• [Exercise brief] Line by line, repeat the material below exactly and skip the images.

• [Data shown]
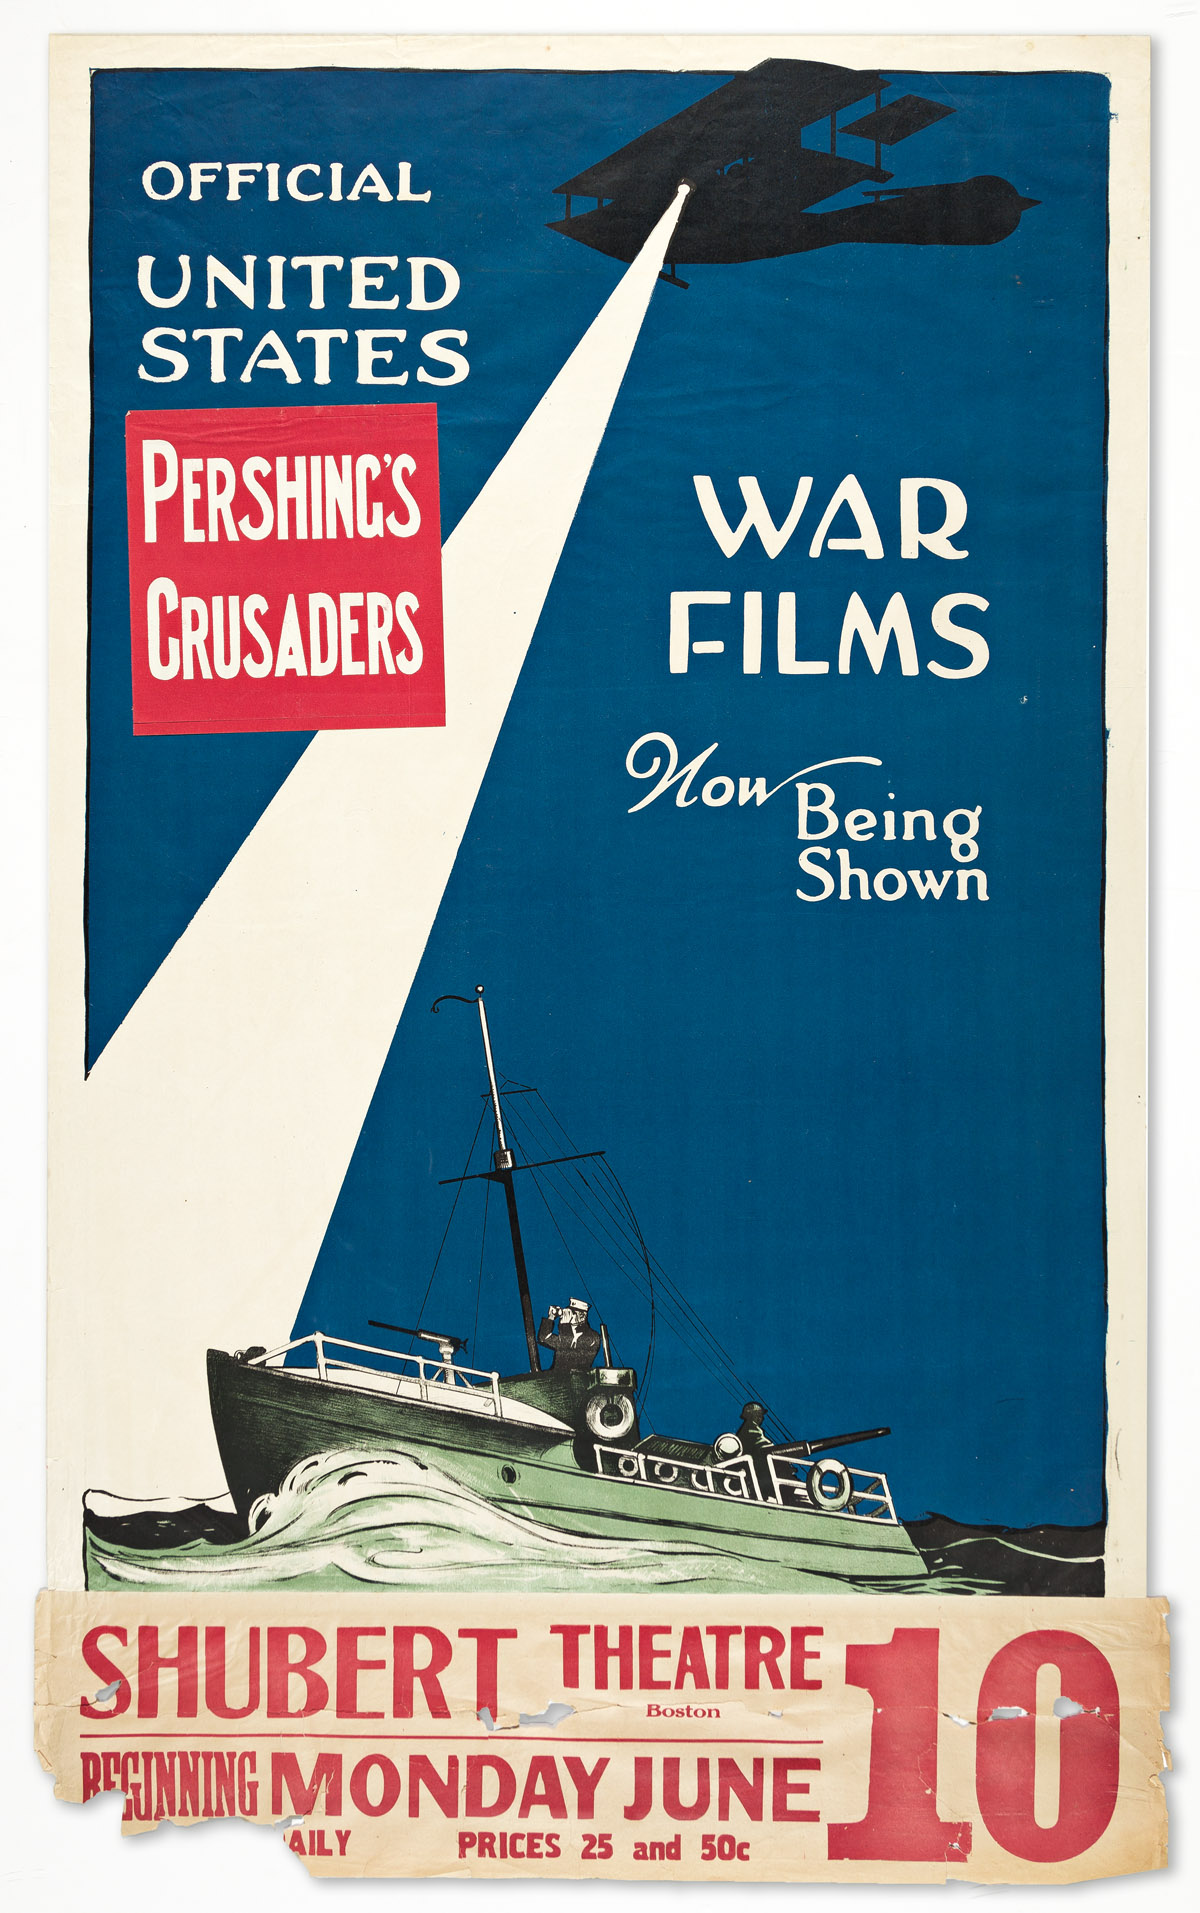 HORACE DEVITT WELSH (1888-1942).  PERSHINGS CRUSADERS / OFFICIAL UNITED STATES WAR FILMS. 1917. 43x28 inches, 109¼x71 cm. The Hegeman
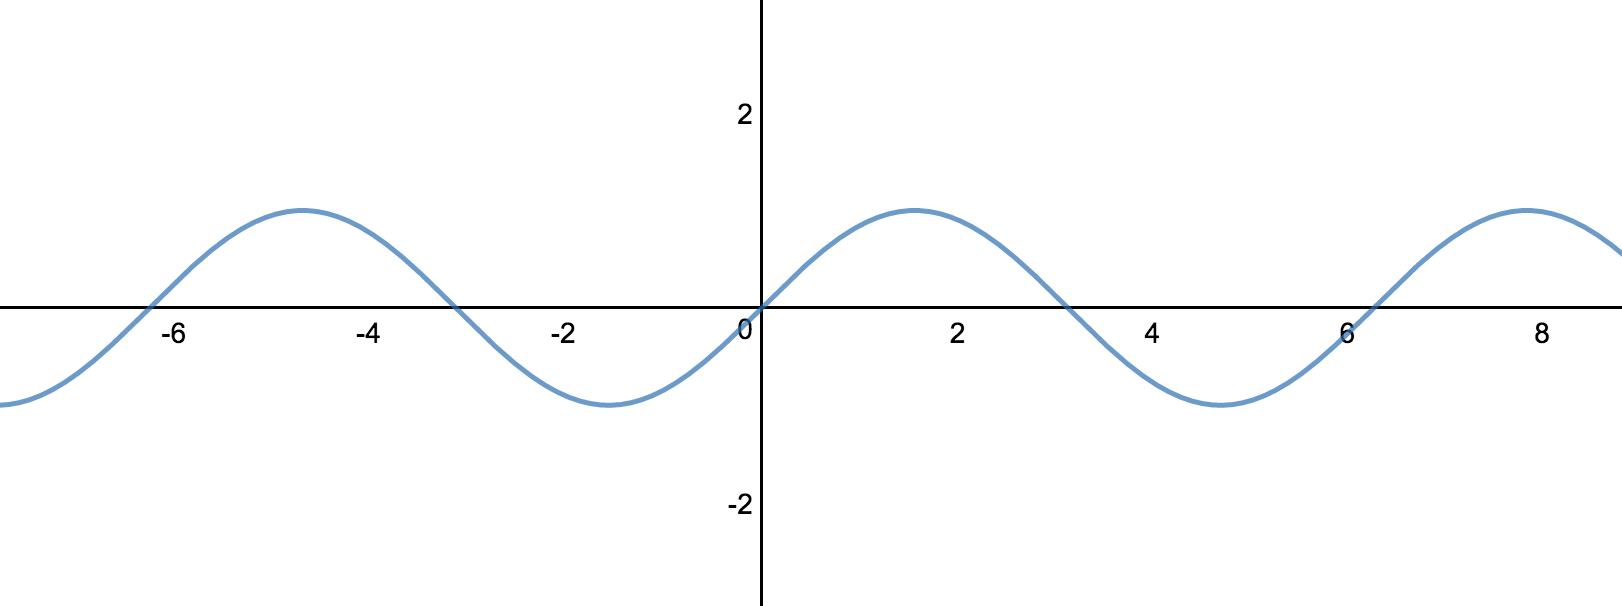 Sin of x function
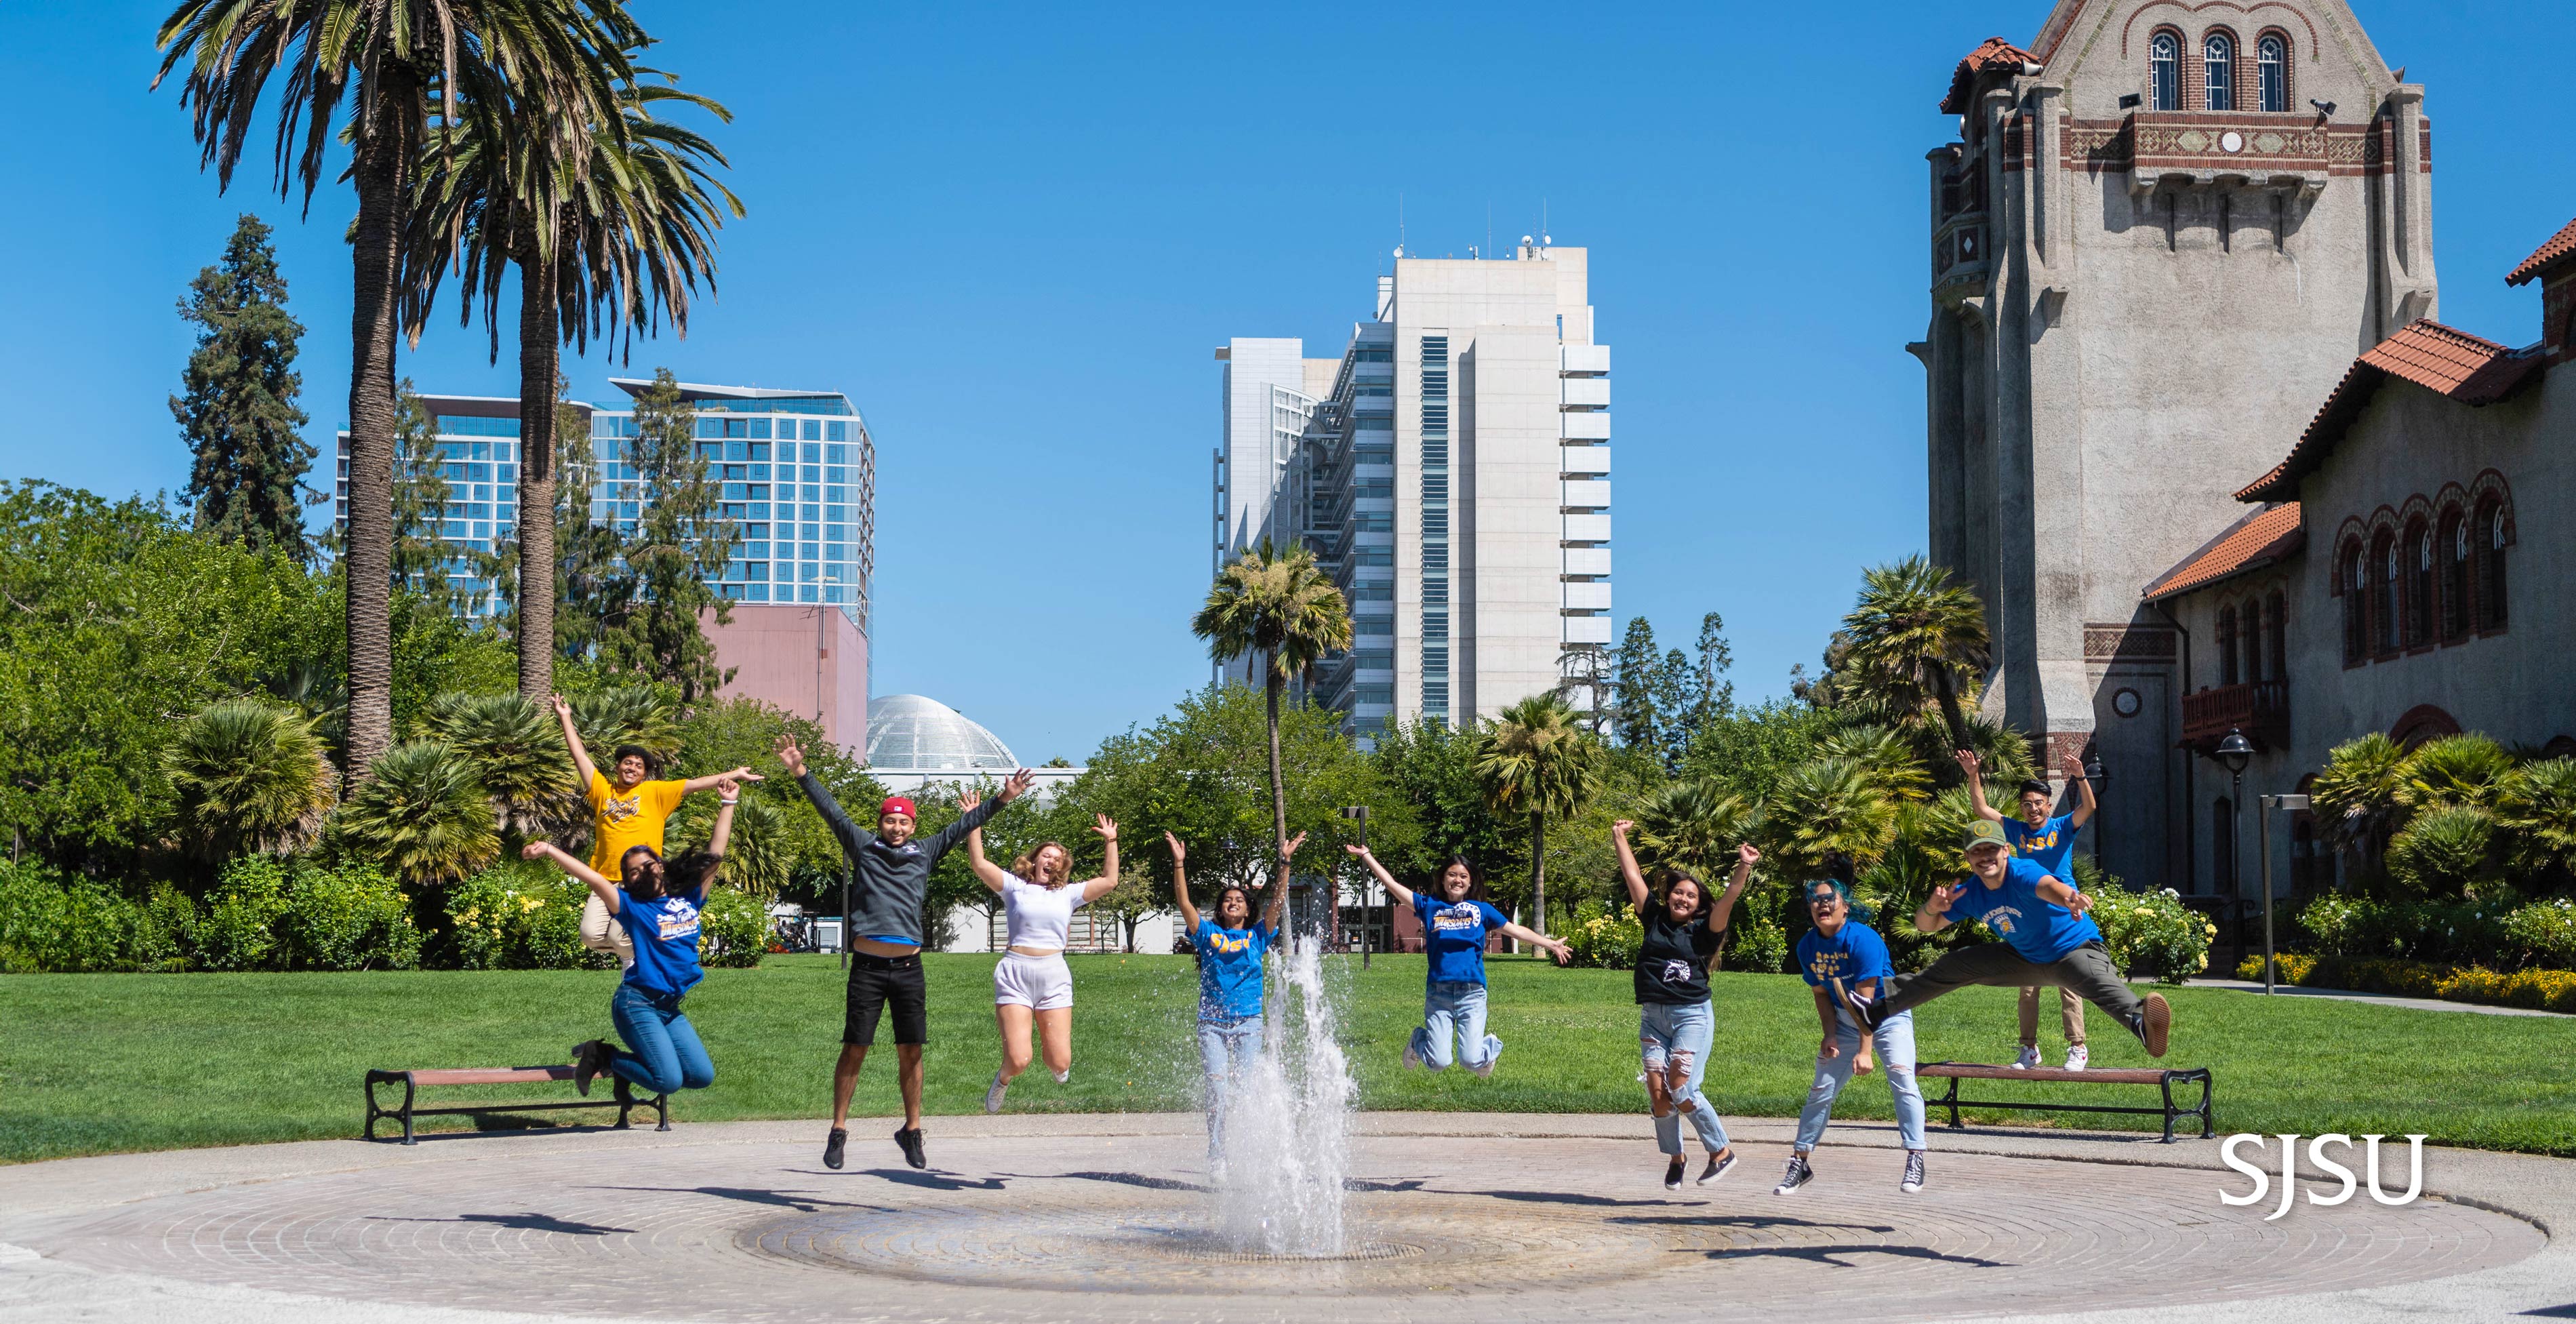 SJSU students jumping up in mid air in different poses in front of the fountain next to Tower Hall on campus.

• [Response box]
 HORACE DEVITT WELSH (1888-1942).  PERSHINGS CRUSADERS / OFFICIAL UNITED STATES WAR FILMS. 1917. 43x28 inches, 109¼x71 cm. The Hegeman
 Sin of x function
 SJSU students jumping up in mid air in different poses in front of the fountain next to Tower Hall on campus.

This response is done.